EXERCISE GOAL:
Everything in the records below from the line containing "Vicevoorzitter en clubcoryfee" through the line containing "Leather Shoulder Bag, Light Green, hi-res" is to be reproduced exactly, those two lines included; no picture is to be copied.

PROVIDED INFORMATION:
----------
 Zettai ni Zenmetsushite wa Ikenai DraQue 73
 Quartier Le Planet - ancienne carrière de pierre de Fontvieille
----------
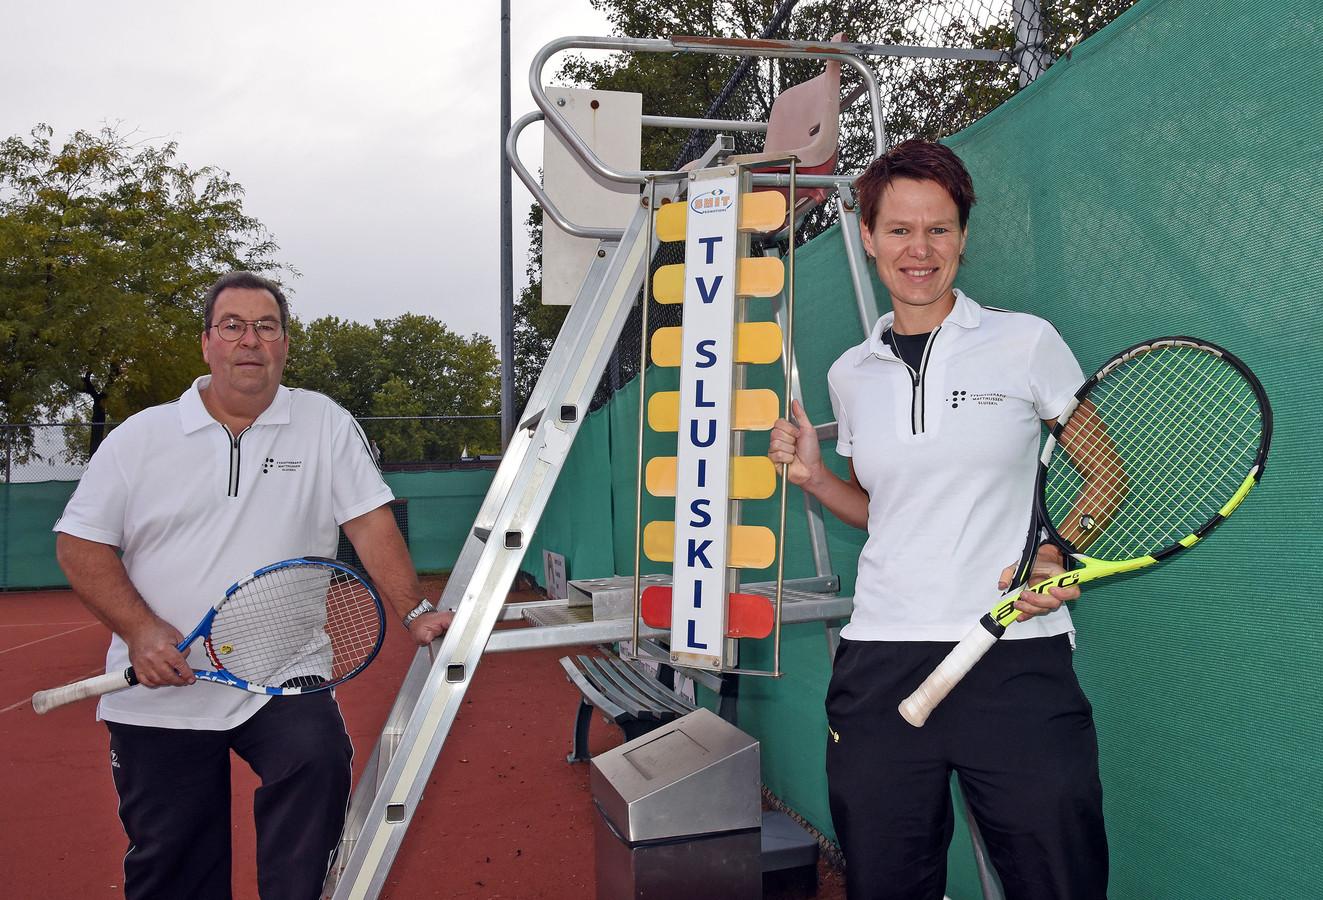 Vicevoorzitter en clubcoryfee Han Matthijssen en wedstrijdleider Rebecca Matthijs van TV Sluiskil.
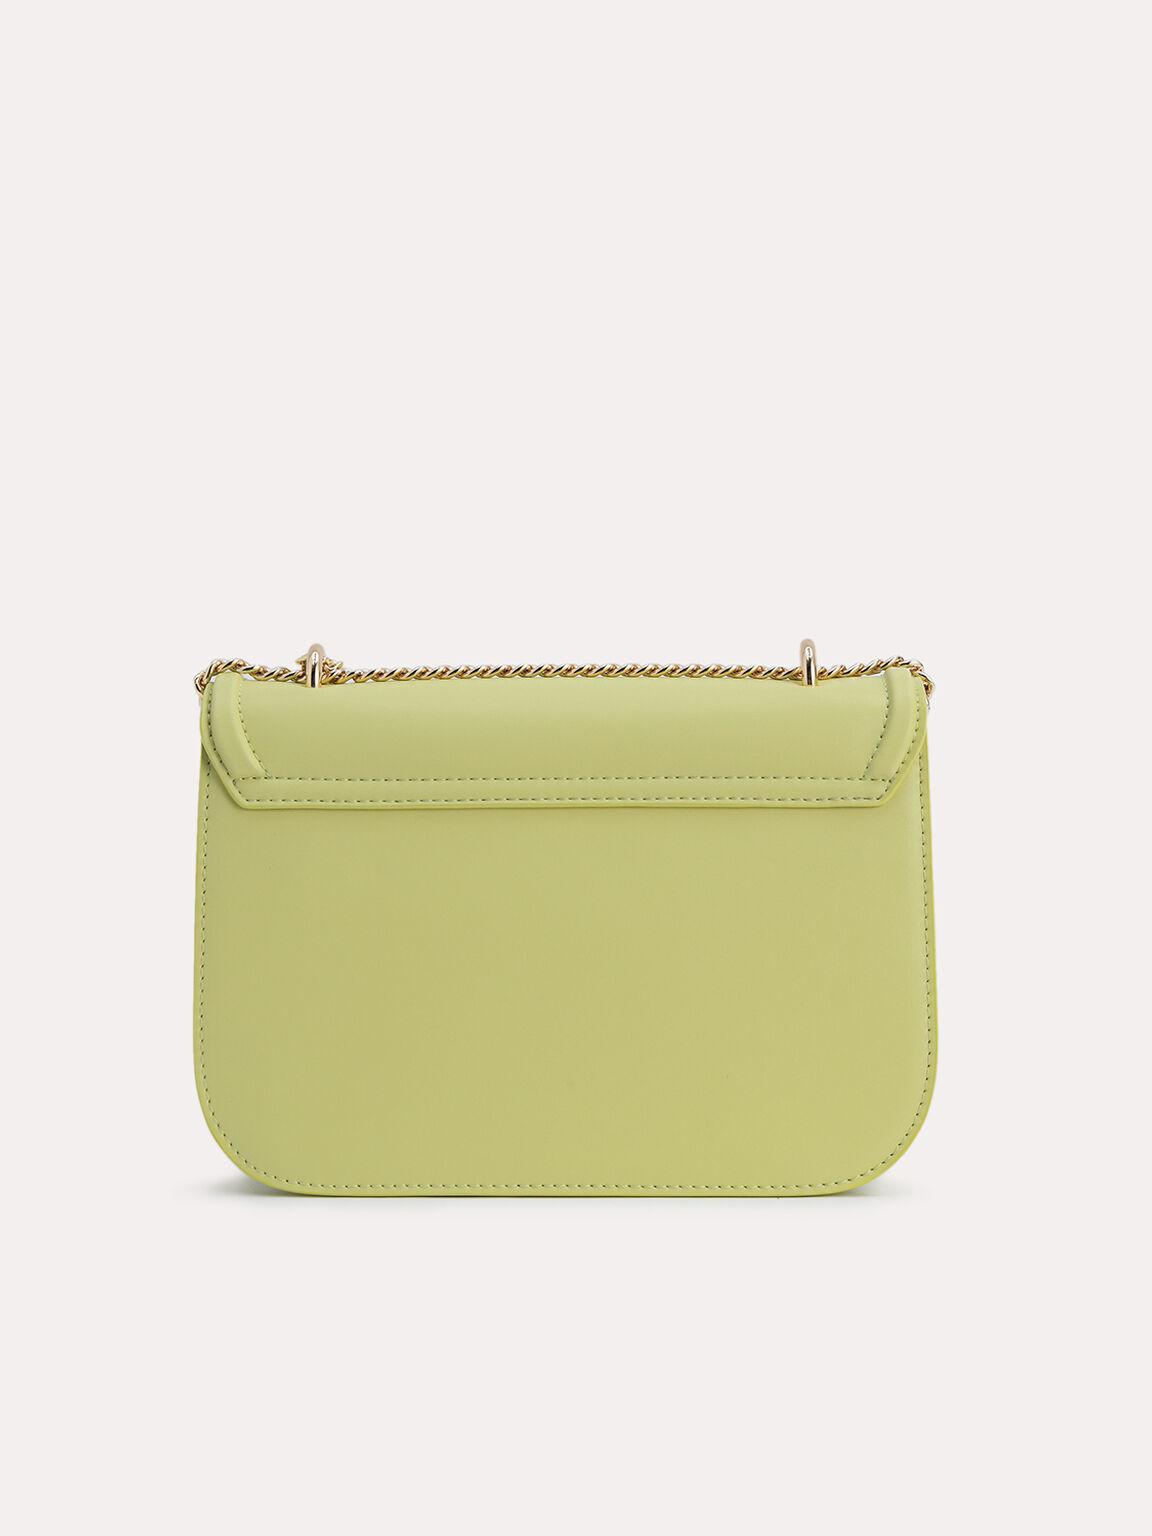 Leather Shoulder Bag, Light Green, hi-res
----------
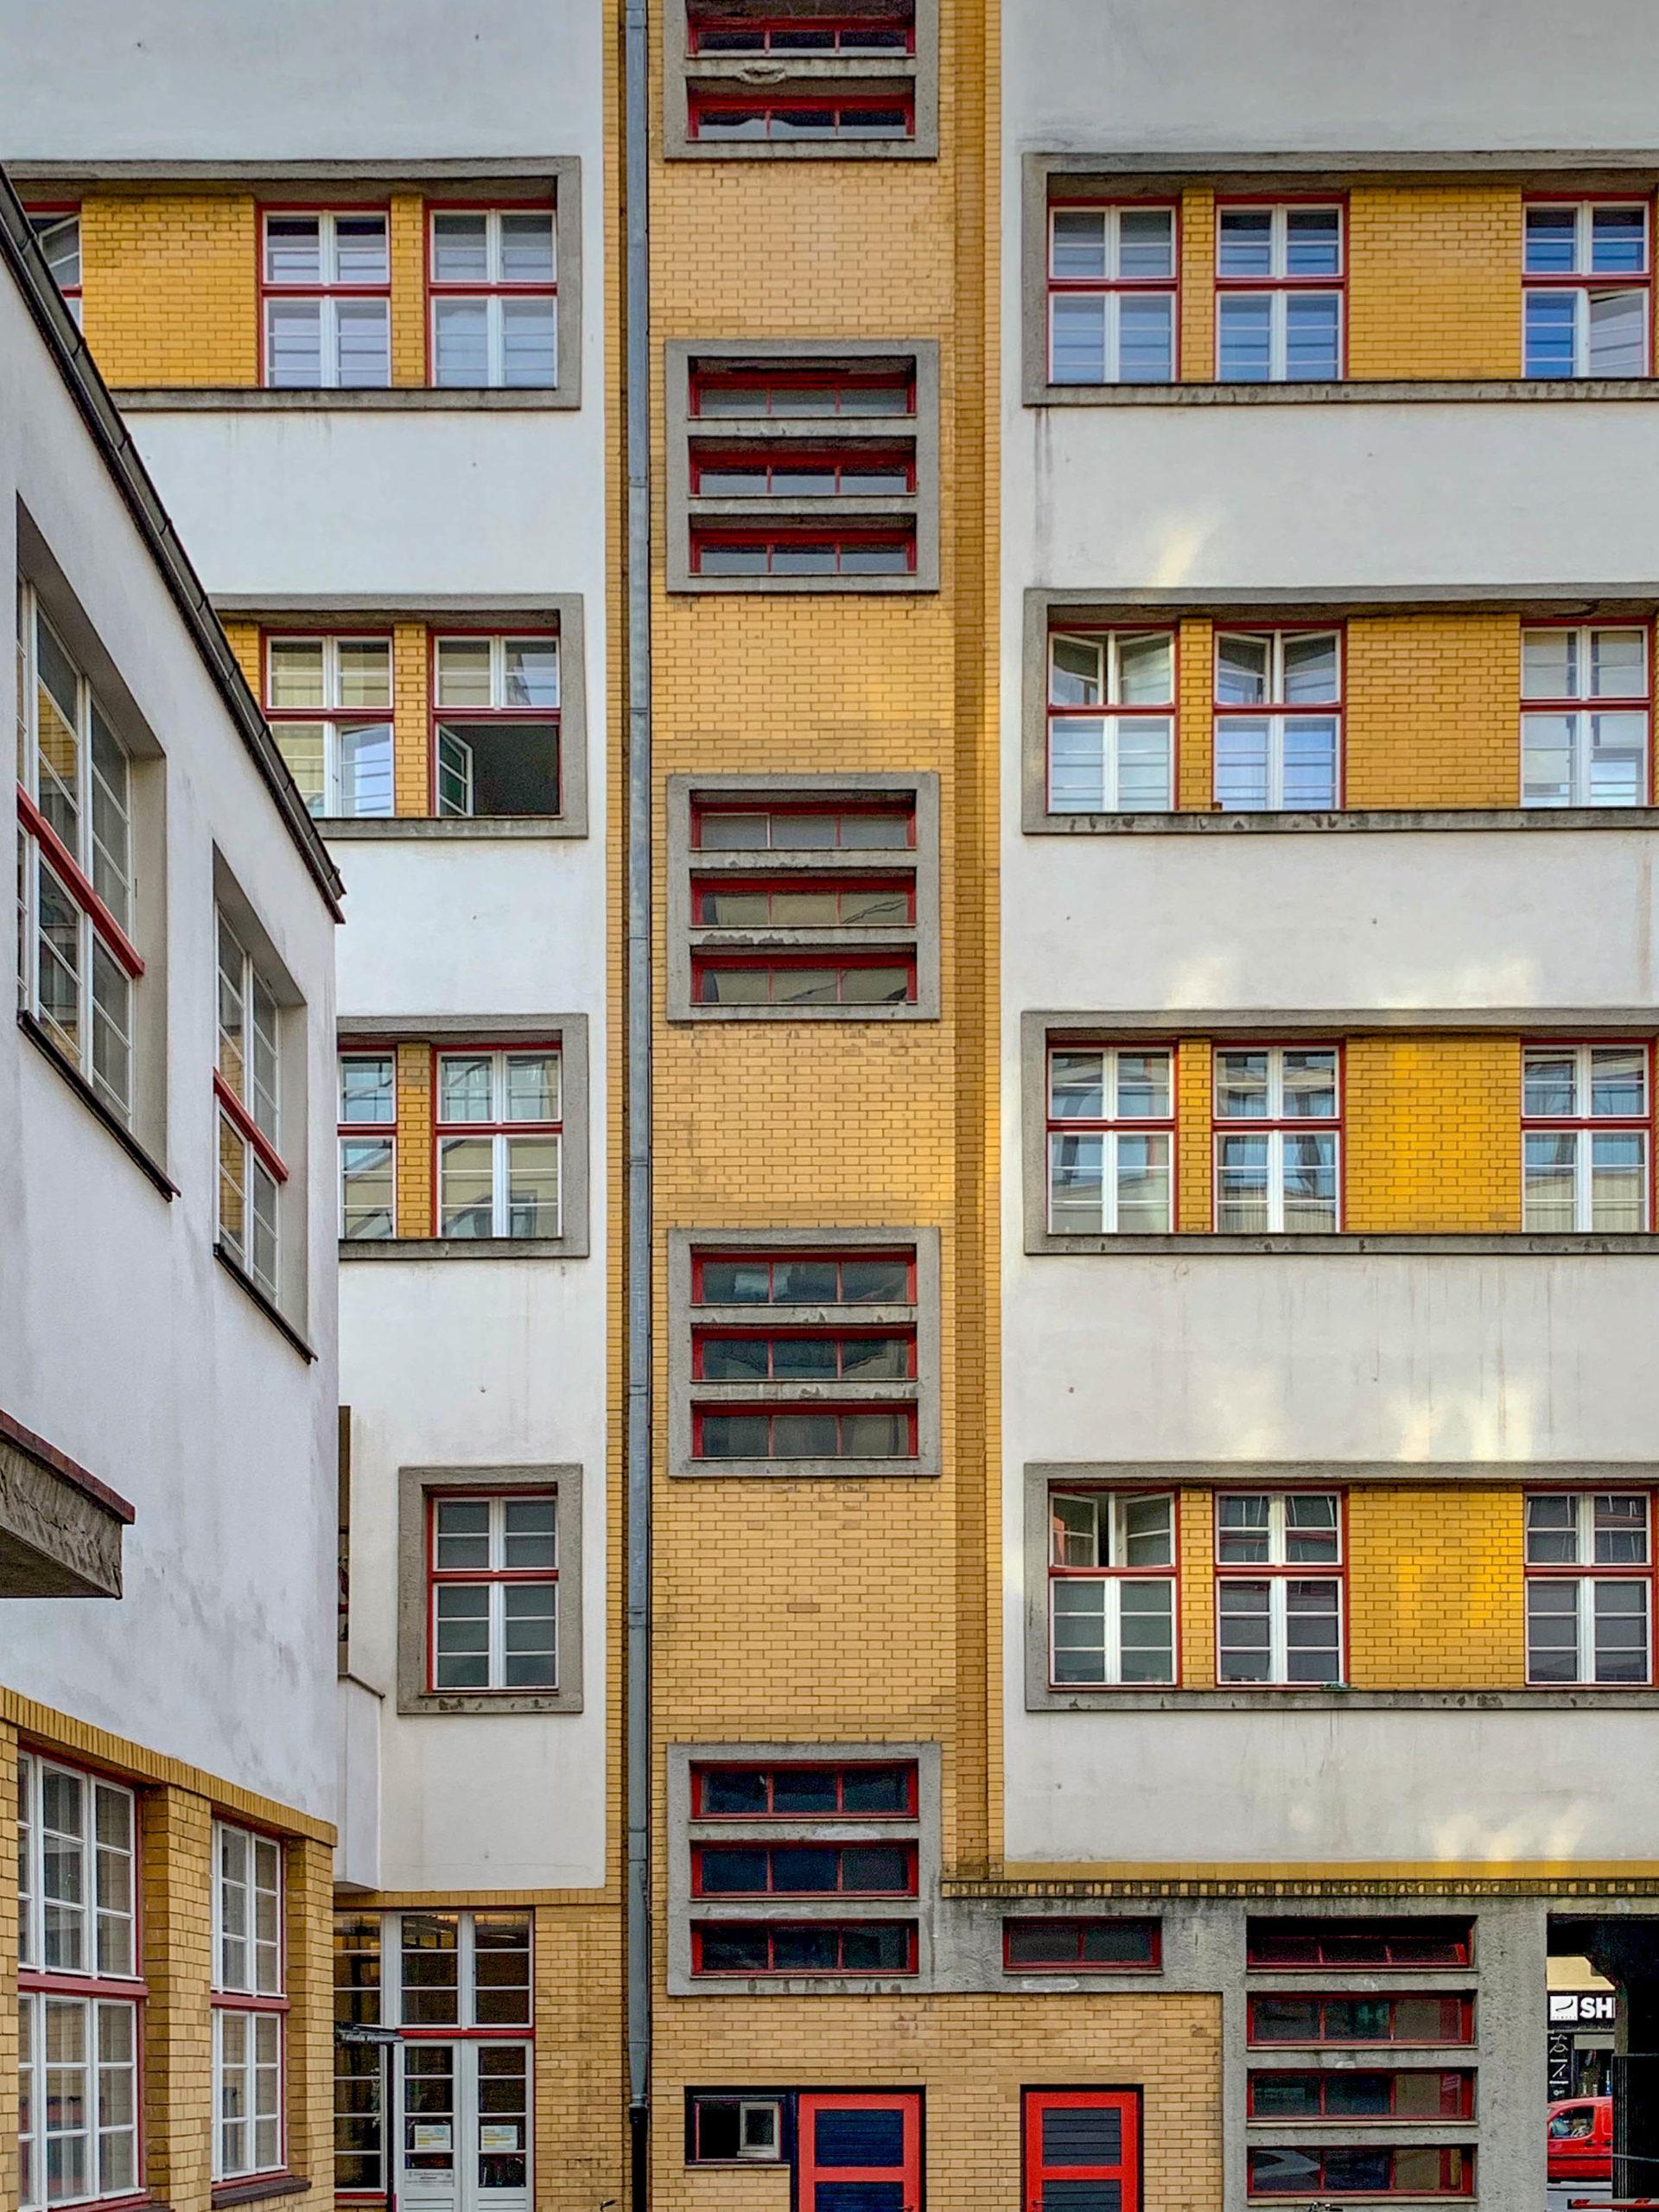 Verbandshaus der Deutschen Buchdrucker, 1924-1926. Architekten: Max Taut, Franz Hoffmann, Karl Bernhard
----------
ANSWER BOX:
 Vicevoorzitter en clubcoryfee Han Matthijssen en wedstrijdleider Rebecca Matthijs van TV Sluiskil.
 Leather Shoulder Bag, Light Green, hi-res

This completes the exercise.